A strange fellow, A. R. Woresley, a mixture of many attitudes, occasionally witty, more often pompous and sombre, but underneath everything there was a curiously complex mind. I began to like him very much after that little tompion episode. We struck up a pleasant studenttutor relationship. I was invited to his house for sherry. He was a bachelor. He lived with his sister, who was called Emmaline of all names. She was dumpy and frowsy and seemed to have something greenish on her teeth that looked like verdigris. She had a kind of surgery in the house where she did things to people’s feet. A pedicurist, I think she called herself.
Then the Great War broke out. It was 1914 and I was nineteen years old. I joined the army. I had to, and for the next four years I concentrated all my efforts on trying to survive. I am not going to talk about my wartime experiences. Trenches, mud, mutilation, and death have no place in these journals. I did my bit. Actually, I did well, and by November 1918, when it all came to an end, I was a twenty-three-year-old captain in the infantry with a Military Cross. I had survived.
At once, I returned to Cambridge to resume my education. The survivors were allowed to do that, though heaven knows there weren’t many of us. A. R. Woresley had also survived. He had remained in Cambridge doing some sort of wartime scientific work and had had a fairly quiet war. Now he was back at his old job of teaching chemistry to undergraduates, and we were pleased to see one another again. Our friendship picked up where it had left off four years before.

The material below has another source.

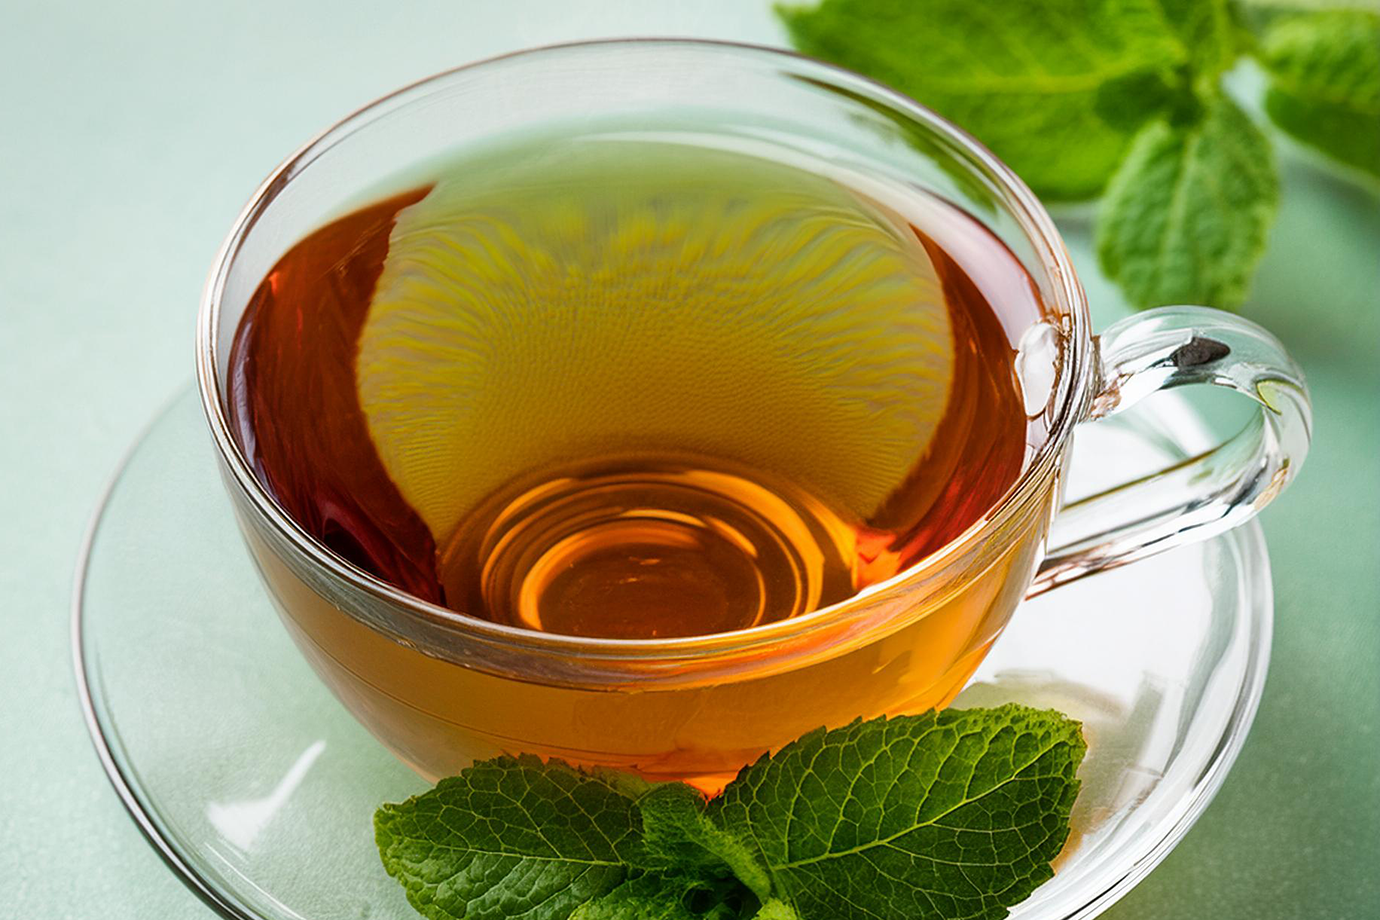 MINT MYSTIQUE — Esse chá verde com hortelã é muito usado como digestivo, perfeito após uma refeição para acalmar o estômago. A hortelã é famosa por tranquilizar a mente e aguçar os sentidos, tornando esse chá perfeito para qualquer hora do dia. Particularmente refrescante nos dias de verão.

One evening in February 1919, in the middle of the Lent term, A. R. Woresley invited me to supper at his house. The meal was not good. We had cheap food and cheap wine, and we had his pedicurist sister with verdigris on her teeth. I would have thought they could have lived in slightly better style than they did, but when I broached this delicate subject rather cautiously to my host, he told me that they were still struggling to pay off the mortgage on the house. After supper, A. R. Woresley and I retired to his study to drink a good bottle of port that I had brought him as a present. It was a Croft 1890, if I remember rightly.
“Don’t often taste stuff like this,” he said. He was very comfortable in an old armchair with his pipe lit and a glass of port in his hand. What a thoroughly decent man he was, I thought. And what a terribly dull life he leads. I decided to liven things up a bit by telling him about my time in Paris six years before in 1913 when I had made one hundred thousand pounds out of Blister Beetle pills. I started at the beginning. Very quickly I got caught up in the fun of story-telling. I remembered everything, but in deference to my tutor, I left out the more salacious details. It took me nearly an hour to tell.